Впрочем, война всегда была подлостью, а армия, инструмент убийства — орудием зла. Нет и не было войн справедливых, все они, как бы их не оправдывали, — античеловечны. Солдаты же всегда были навозом. Особенно в нашей великой державе и особенно при социализме.
Вспоминаю еще один эпизод времен войны. Одному генералу, командовавшему корпусом на ленинградском фронте, сказали: «Генерал, нельзя атаковать эту высоту, мы лишь потеряем множество людей и не добьемся успеха». Он отвечал: «Подумаешь, люди! Люди — это пыль, вперед!» Этот генерал прожил долгую жизнь и умер в своей постели. Вспоминается судьба другого офицера, полковника, воевавшего рядом с ним. Полковник командовал танковой бригадой и славился тем, что сам шел в атаку впереди всех.
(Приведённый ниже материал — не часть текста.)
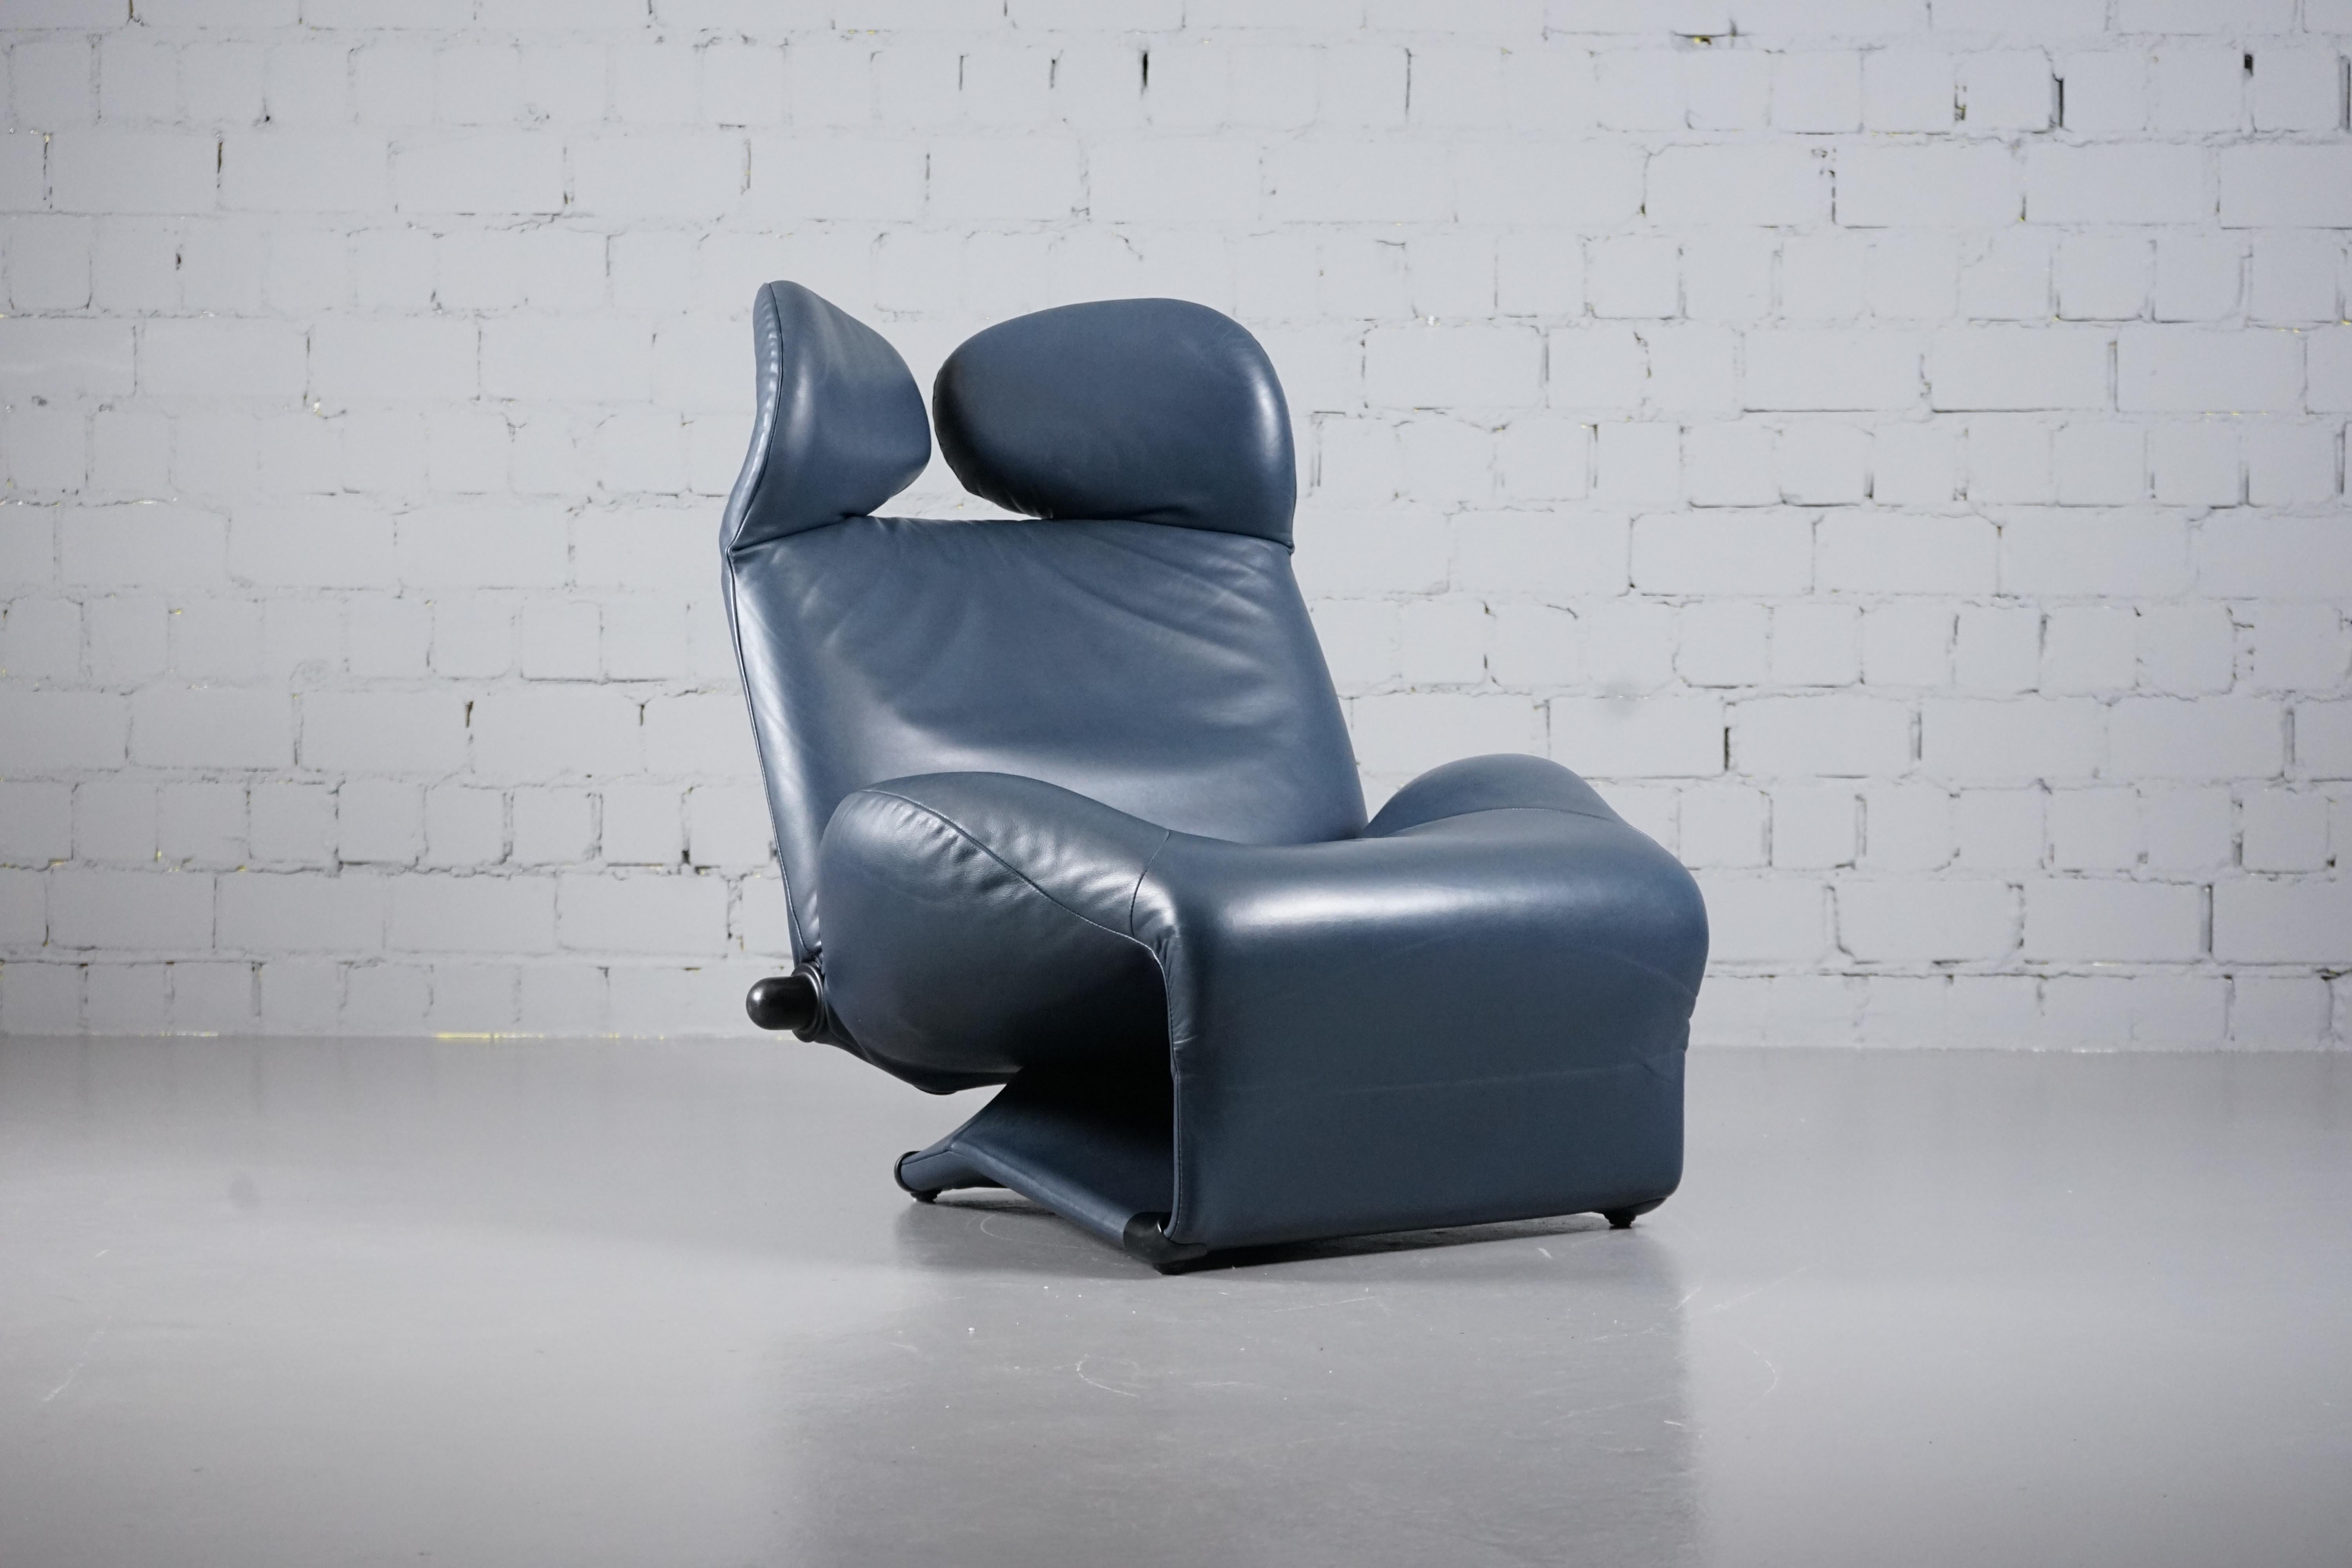 Grey-Blue Leather Wink Lounge Chair by Toshiyuki Kita for Cassina, 1980s For Sale 7

Однажды в бою под станцией Волосово связь с ним была потеряна. Его танк искали много часов и наконец нашли — рыжий, обгоревший. Когда с трудом открыли верхний люк, в нос ударил густой запах жареного мяса.
Не символична ли судьба двух этих полководцев? Не олицетворяют ли они извечную борьбу добра и зла, совести и бессовестности, человеколюбия и бесчеловечности? В конце концов добро победило, война закончилась, но какой ценой? Время уравняло двух этих полководцев: в Санкт-Петербурге есть улица генерала и рядом с ней — улица полковника-танкиста.
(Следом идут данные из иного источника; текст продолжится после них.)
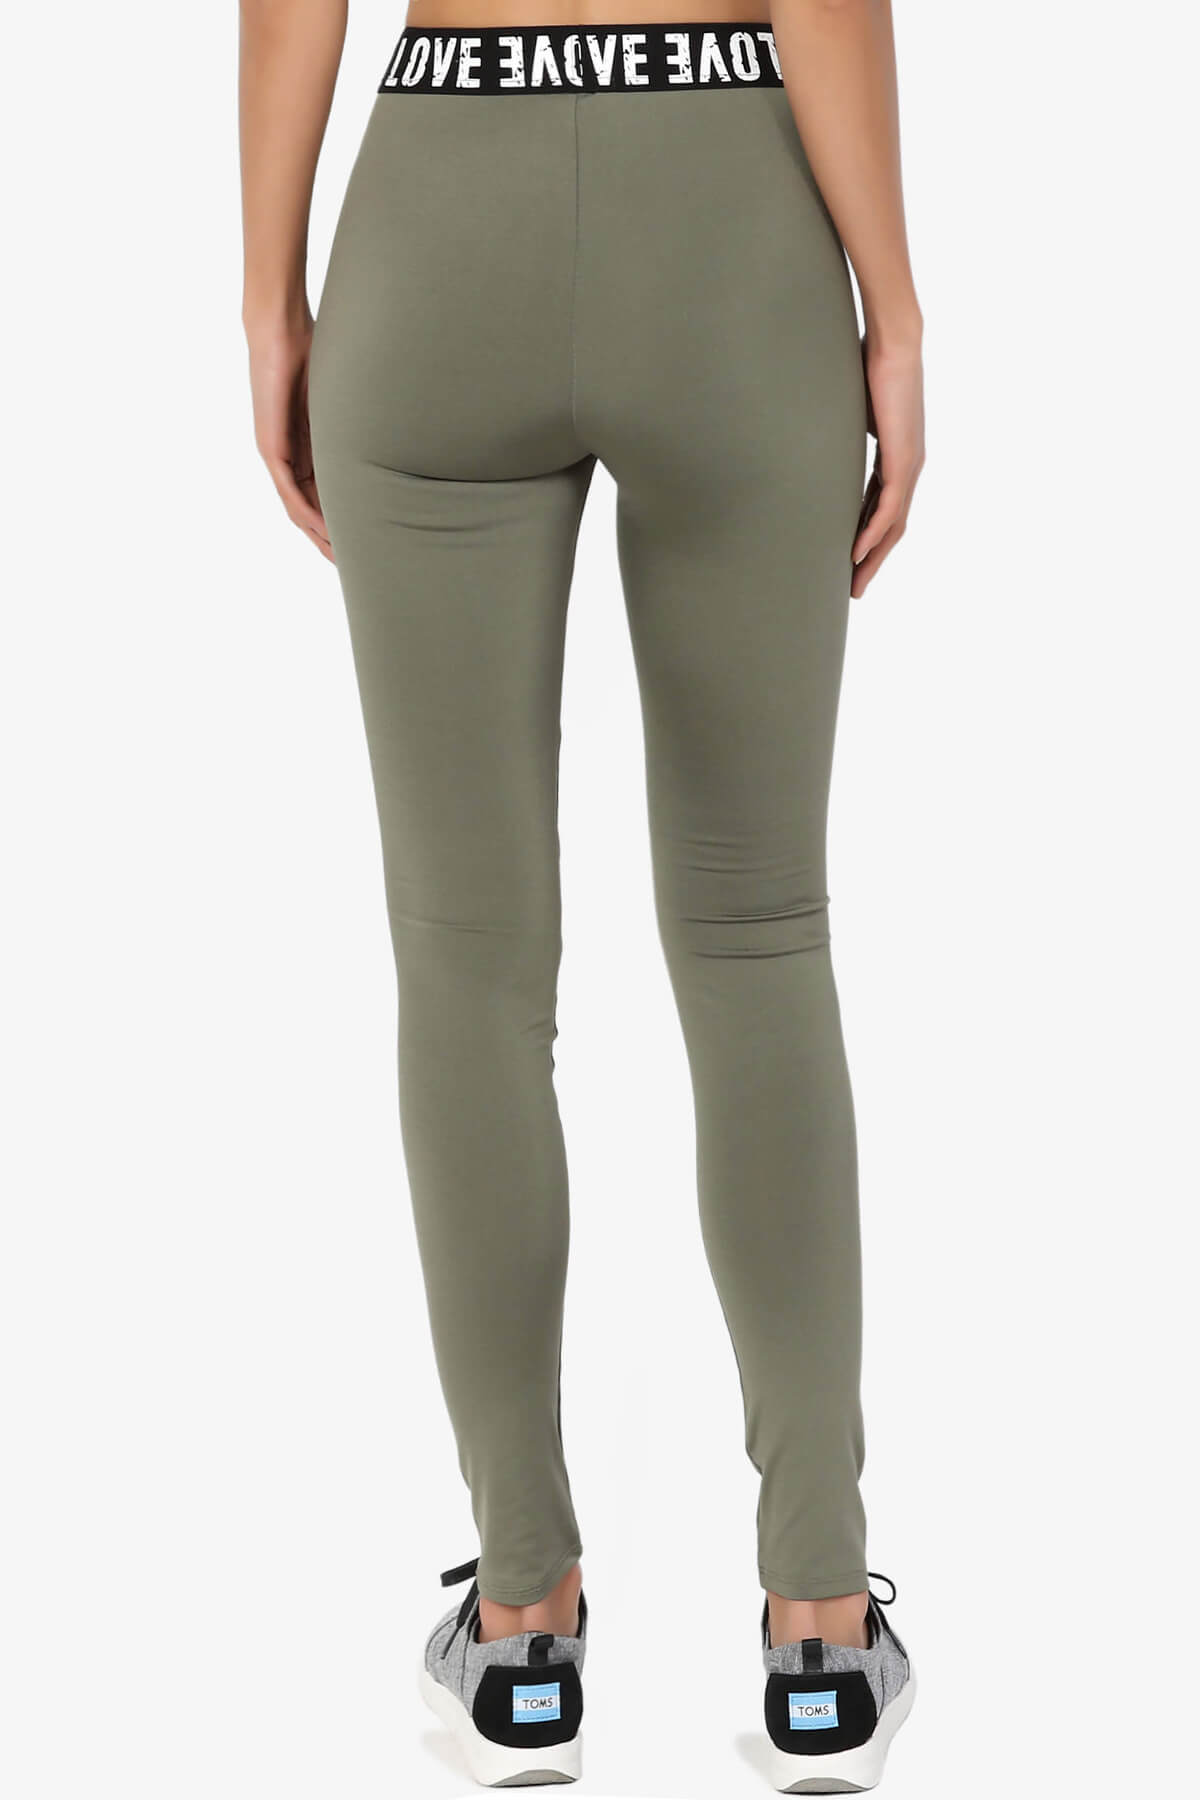 Load image into Gallery viewer, Venture LOVE High Rise Athletic Leggings OLIVE_2

«Что делают, гады! Ах, что делают, сволочи!» — все твердил наш полковник. Мы сидели рядом, смотрели с высоты на творящееся перед нами злодейство. Вдруг связист позвал полковника. Выслушав то, что говорили ему по телефону, полковник повернулся к нам: «Разведчиков и радистов накрыло тяжелым снарядом на подступах к деревне. Собирайтесь, пойдете им на смену!» Он указал пальцем туда, на холм, в кромешный ад огня и дыма. «Есть!» — ответили мы.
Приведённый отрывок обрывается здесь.